Not the point. Sex is a (relatively) harmless and (mostly) pleasurable activity. What is the harm of providing some titillation, even if it is a temptation.
Violence on the other hand is harmful and only pleasurable to some. Most people by your own words don’t want to participate, so why make a big deal out of it.
However, the two need not be mutually exclusive of course, in that a film could contain both violence and sex, or neither.
But what does that mean? We can show very gross stuff because no one will ever copy it…we can’t show normal stuff in case people decide to go off and be normal?
There is something very sad about a society when then they censor sex before violence…most societies
In The People vs Larry Flynt there is a scene in which Flynt presents a slide show where slides alternate between mutilated bodies from the Viet Nam war and naked women. “Take a picture of a mutilated body”, he says, “and they give you an award. Take a picture of a naked lady, and they put you in jail. I ask you, which is more obscene?”
It’s a powerful message about censorship. And yet when this movie plays on TV, which pictures from the slide show are blurred out? The naked women, of course.

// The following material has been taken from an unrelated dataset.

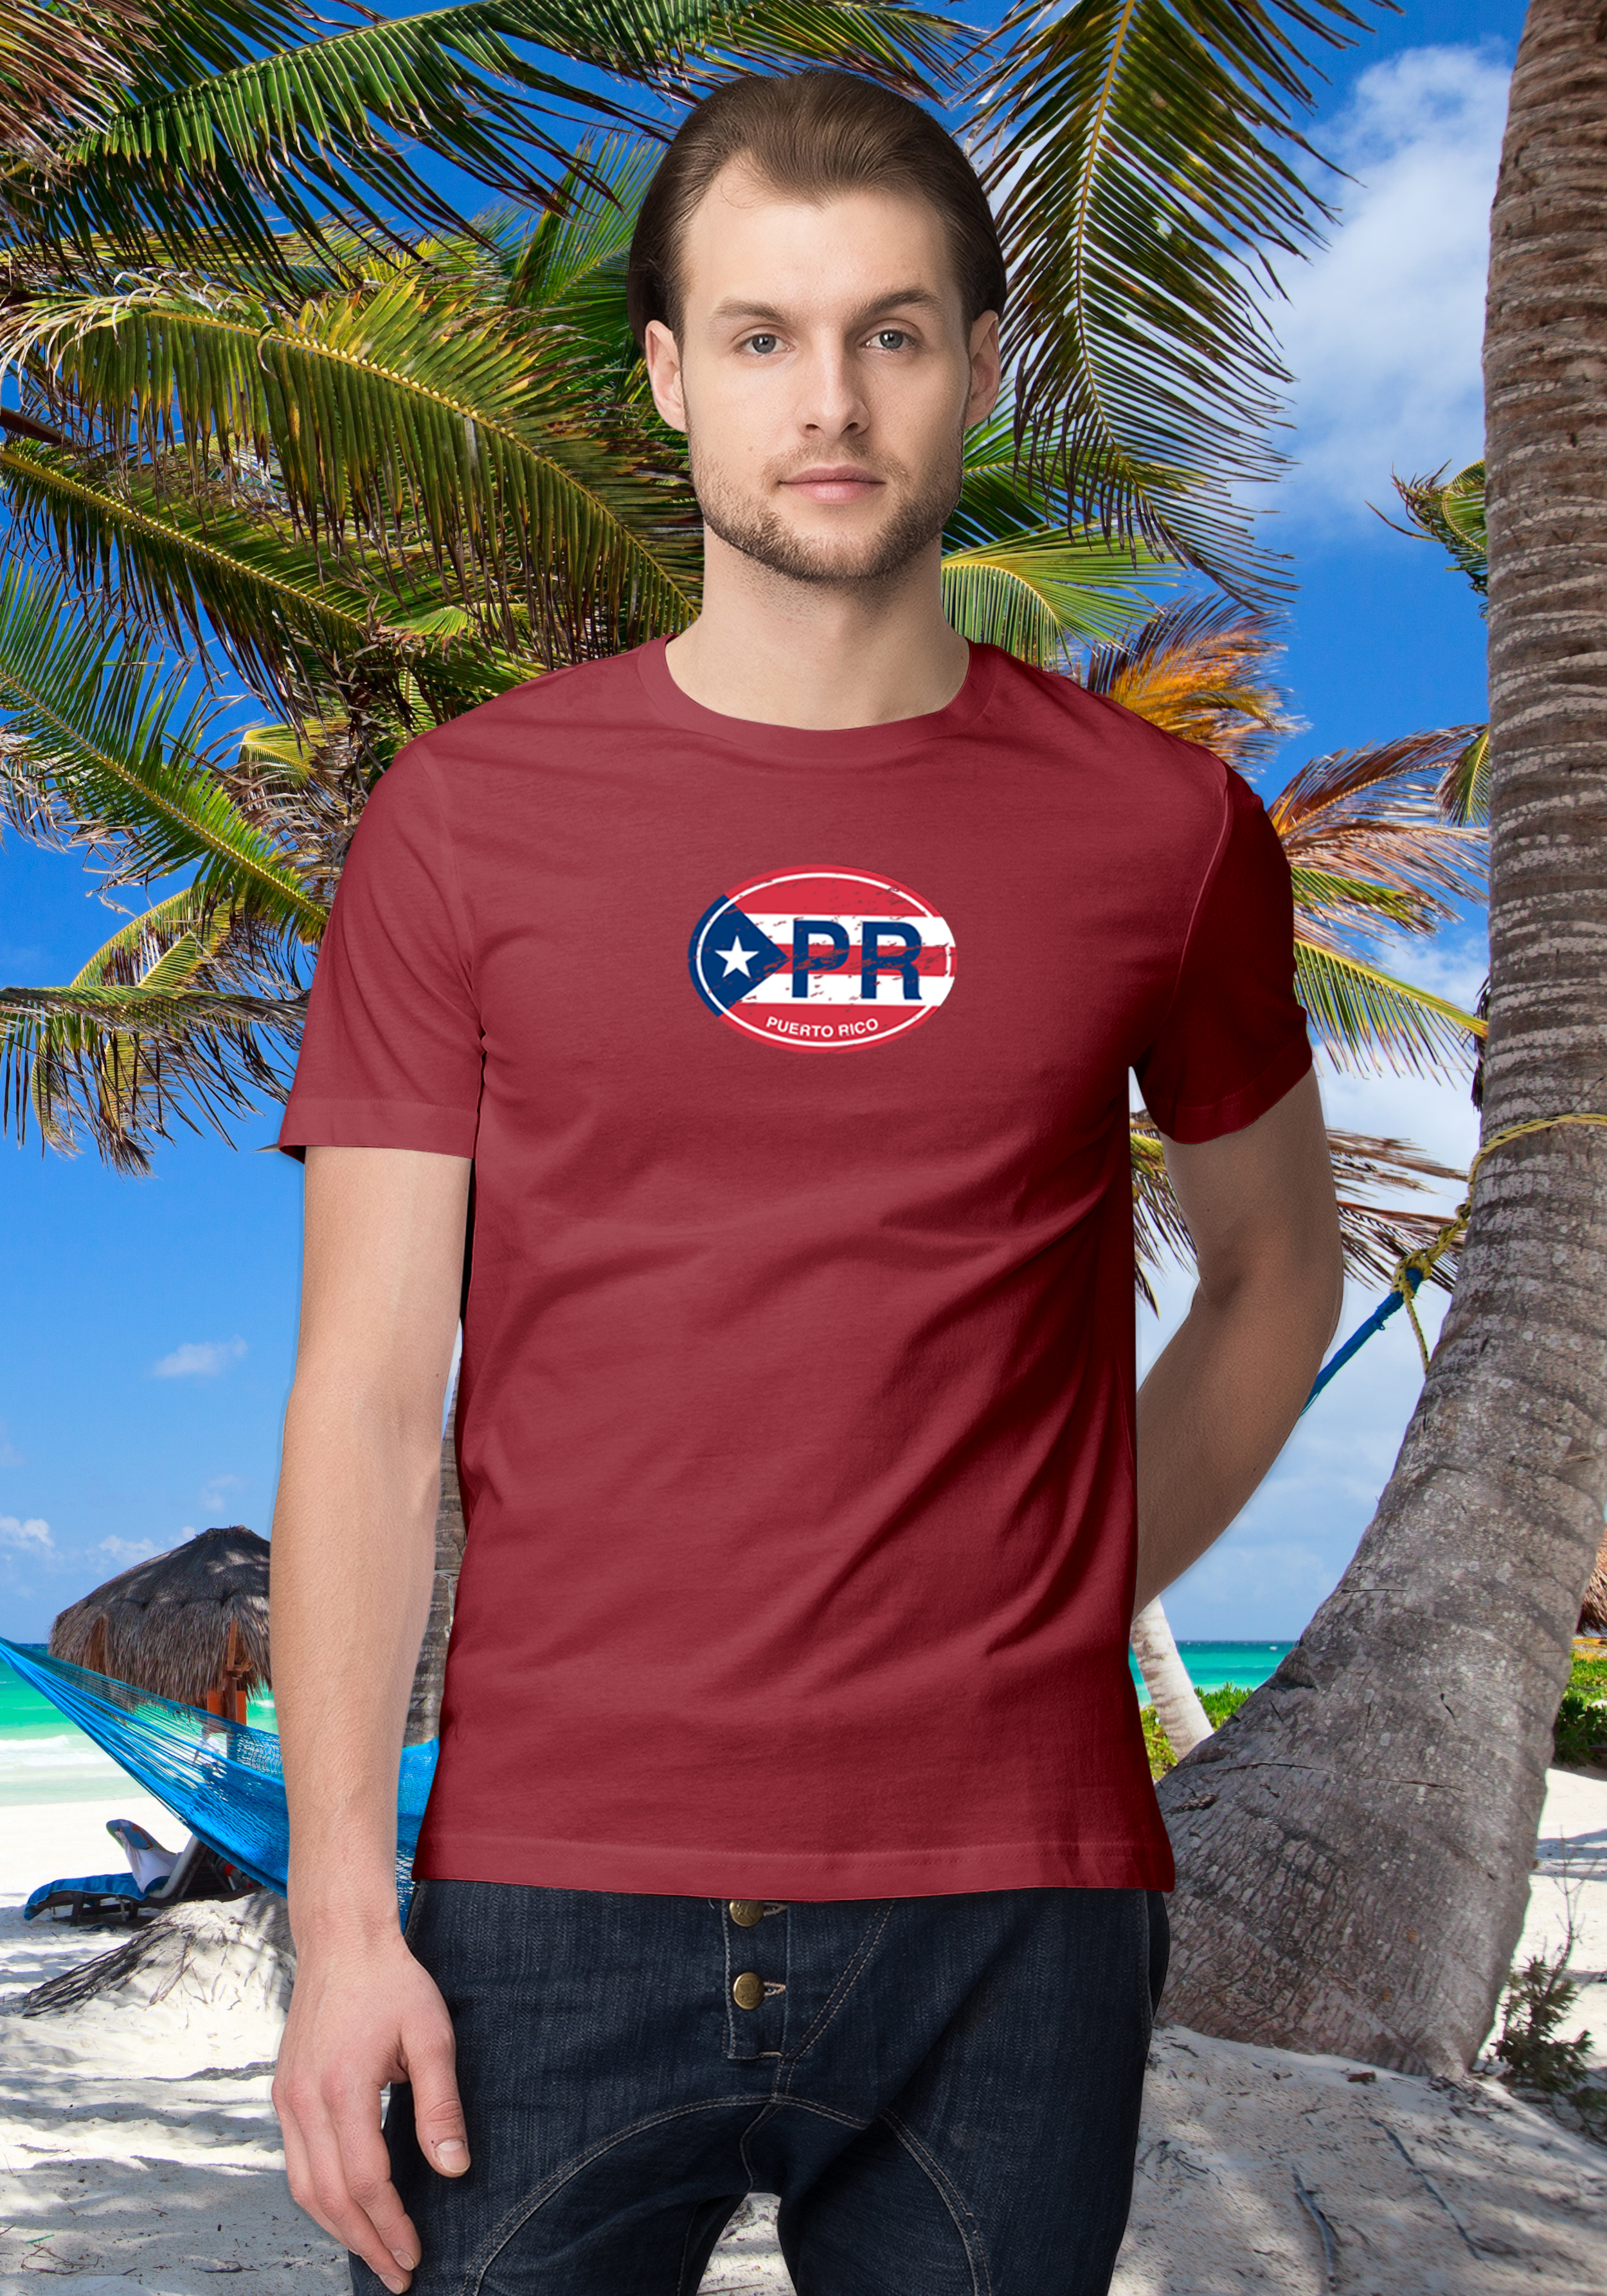 Puerto Rico Men's Flag T-Shirt Souvenirs - My Destination Location
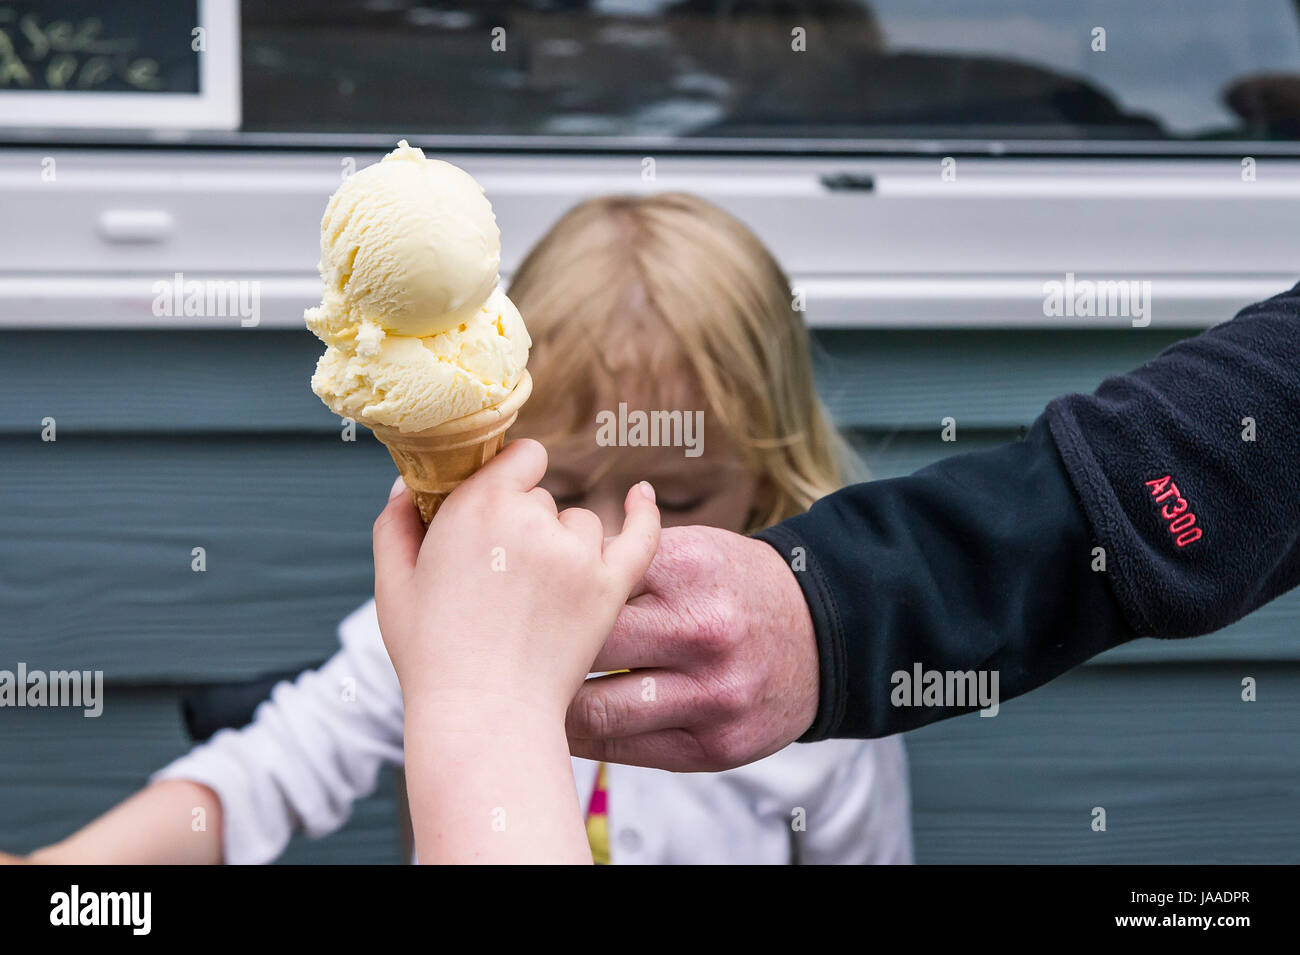 Un adulto dando un cucurucho de helado a un niño. Foto de stock

I know. These crazy Puritanical values have made America into a completely prudish society. We should be more like those Eastern countries that value sexuality.
What’s that you say? We’re not talking about the US? Huh.
Well, kinda, yeah. It’s similar to the difference between showing a motorcycle jumping the grand canyon, or a kid on a bike jumping a homemade 5-foot ramp over a pit he poured gasoline in and lit.
Which do you think would be more “dangerous” for the general public to watch?
(I’ve never seen the latter depicted in film, but it was a fun personal pastime in my misspent youth.)
I disagree with the prudish attitude about sex adopted by the FCC, and see no harm in depictions of sex, but I do understand why people get uptight about sex moreso than violence. It makes perfect sense to me, despite the fact that I disagree with the underlying premise. (Sex is bad.)
I’m kind of curious about that, too. From my short visits to Hong Kong, it appears that almost everyone lives in a tiny flat in a huge block, sharing maybe 10 square meters with a family of 10 or so, including grandparents. Where *do * HK’ers go to fuck? Hotels?
Perhaps it’s simply necessary to do what they can to keep their libidos down, or they’d go crazy.
I thought the Japanese just objected to showing pubic hair. Leading thousands of Japanese porn stars to shave their genitals in the name of public decency. And probably contributing to the American fad for the same. Prudery has some interesting consequences dunnit?
I kinda doubt that. Not just because I’d wager that Japanese porn isn’t all that popular stateside… Personally, I’d put my money on oral sex rather than Japanese culture as an influence.
Apples and oranges indeed. There is little correlation between the morality/propriety of an act itself, and that of showing the act in a movie.
There are few activities more normal or everyday or morally neutral than taking a dump, but I have yet to see this depicted explicitly in any movie not involving Cartman’s mom—nor do I want to, nor do I expect to.